Observability: Metrics, Tracing & Logging at Scale
Observability is the ability to understand a system’s internal state from its external outputs — metrics, traces, and logs — enabling operators to debug issues without deploying new code.
Why Observability Matters
Modern systems are too complex for traditional monitoring. A microservice deployment might have 200+ services, each running multiple instances, spread across Kubernetes clusters. When a user reports “the app is slow,” you need to find which service, which instance, and which request is responsible. Netflix runs thousands of microservices processing 2+ billion API edge requests daily — without observability, finding the root cause of a performance regression would take days instead of minutes. At DodaTech, observability patterns power real-time health monitoring in Durga Antivirus Pro and Doda Browser.
Plain-Language Explanation
Imagine you’re a doctor diagnosing a patient. You check vital signs (metrics — heart rate, temperature), you look at the patient’s history (logs — past symptoms, medications), and you trace how a specific symptom spreads (tracing — where does the pain start and radiate?). Each signal alone is useful; together they tell the full story. Observability is having all three for your software — and the tools to correlate them when something goes wrong.
graph TB
subgraph "Observability Signals"
M[Metrics
CPU, latency, error rate]
T[Traces
Request paths]
L[Logs
Events, errors]
end
M --> A[Alerting
Prometheus + Alertmanager]
T --> J[Jaeger / Zipkin]
L --> E[ELK / Loki]
A --> D[Grafana Dashboard]
J --> D
E --> D
D --> S[SLO Dashboard]
style M fill:#3498db,color:#fff
style T fill:#e67e22,color:#fff
style L fill:#27ae60,color:#fff
style D fill:#9b59b6,color:#fff
Metrics: RED and USE Methods
Metrics are numeric measurements collected over time.
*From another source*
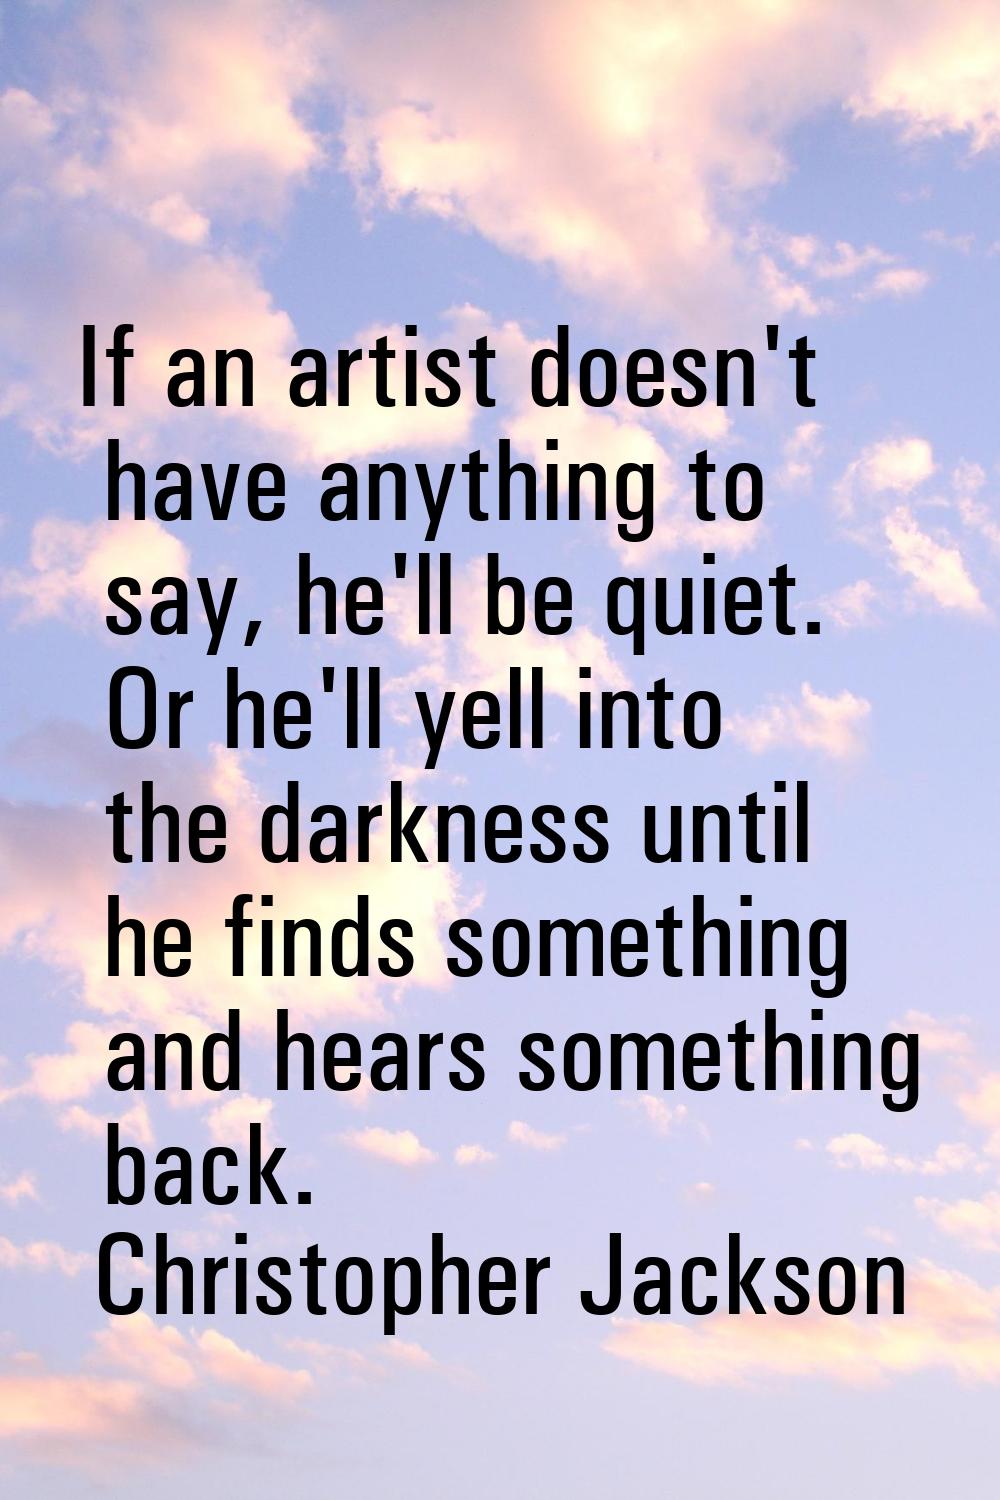 If an artist doesn't have anything to say, he'll be quiet. Or he'll yell into the darkness until he

Two methodologies help decide what to measure:
RED Method (For Services)
| Metric | What It Measures | Example |
|---|---|---|
| Rate | Requests per second | 1500 req/s |
| Errors | Failed requests per second | 15 req/s (1%) |
| Duration | Latency distribution | p50: 50ms, p99: 500ms |
# Prometheus metrics for a web service
from prometheus_client import Counter, Histogram, start_http_server
import time, random
REQUESTS = Counter("http_requests_total", "Total HTTP requests", ["method", "endpoint"])
ERRORS = Counter("http_errors_total", "Total HTTP errors", ["status_code"])
LATENCY = Histogram("http_request_duration_seconds", "Request latency", ["method"])
def handle_request(method: str, endpoint: str):
start = time.time()
REQUESTS.labels(method=method, endpoint=endpoint).inc()
try:
time.sleep(random.uniform(0.01, 0.3))
if random.random() < 0.05: # 5% error rate
raise Exception("Internal error")
LATENCY.labels(method=method).observe(time.time() - start)
except Exception:
ERRORS.labels(status_code=500).inc()
print("Metrics exposed on :8000")
print("Example output at curl localhost:8000")
print("http_requests_total{method='GET',endpoint='/api/users'} 87")
print("http_errors_total{status_code='500'} 4")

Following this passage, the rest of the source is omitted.